By comparing protein signatures across multiple cell models Beatson scientists Kelly Hodge, Sergio Lilla and Sara Zanivan, in a collaboration led by a team at MD Anderson Cancer Center, Texas revised the suite of classic exosome markers. Among 22 enriched core protein markers, they identified Syntenin-1 as the most abundant protein in exosomes. The information generated in this Nature Cell Biology article provides a comprehensive resource for the scientific community interested in the basic biology of exosomes and their translational application.

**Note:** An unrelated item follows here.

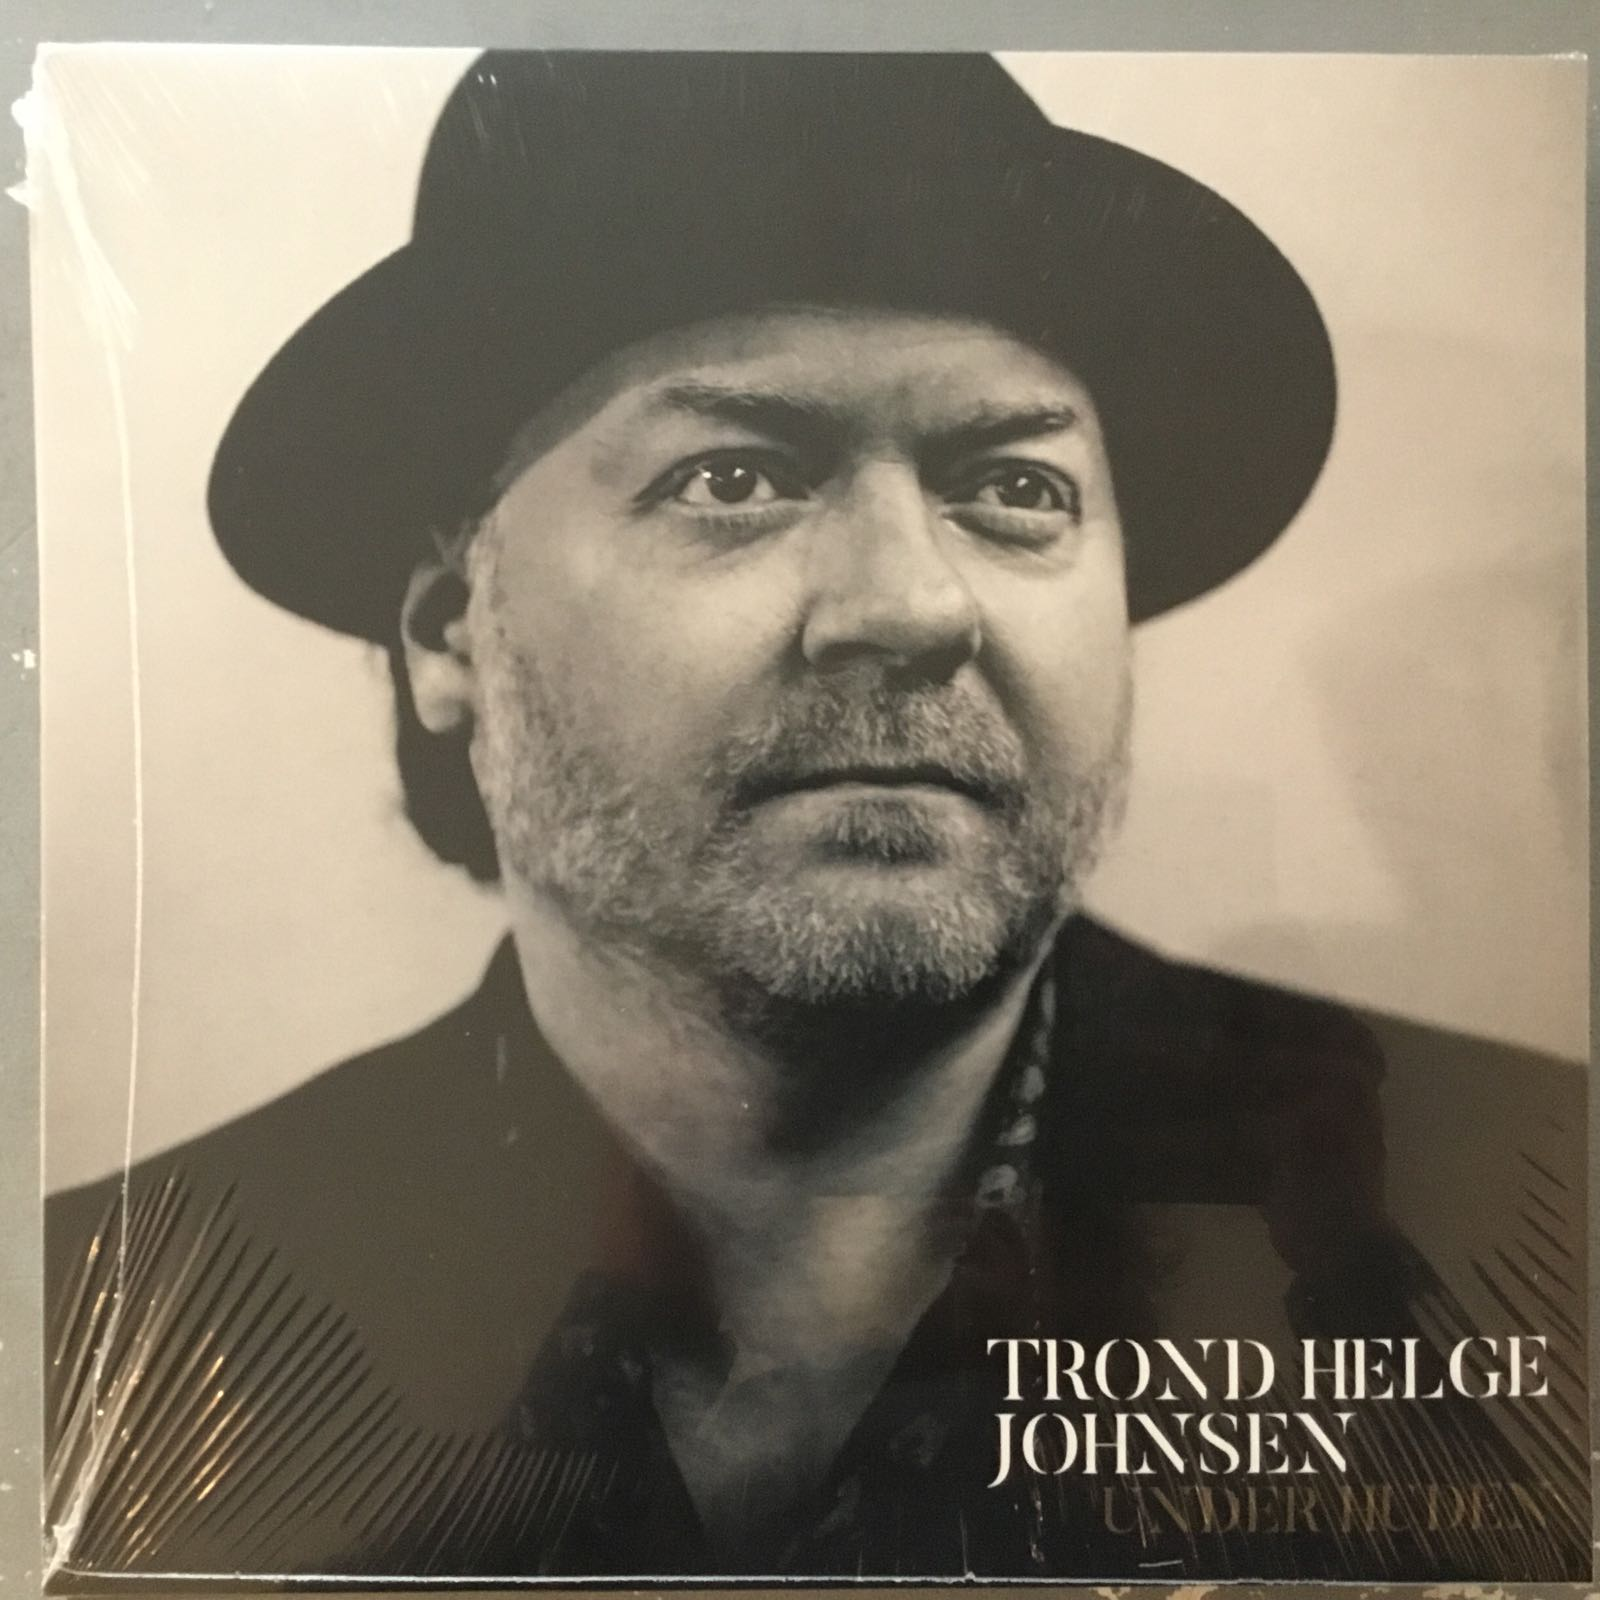 Trond Helge Johnsen - Under Huden [LP]

The Sansom lab continued to develop new insights into the biology underlying colorectal cancer. In their recent Nature article, scientist Dustin Flanagan together with collaborators identified the protein NOTUM as a key factor that allows APC-mutant cells to outcompete non-mutant cells in the intestinal crypt and therefore aid cancer formation. In a recent Nature Communications study, Josh Leach and fellow researchers developed a new preclinical model of right-sided bowel cancer that faithfully mimics human disease. Initial molecular observations of the involvement of YAP signalling and local inflammation set starting points for the development of new, effective therapies and early detection approaches for colorectal cancer.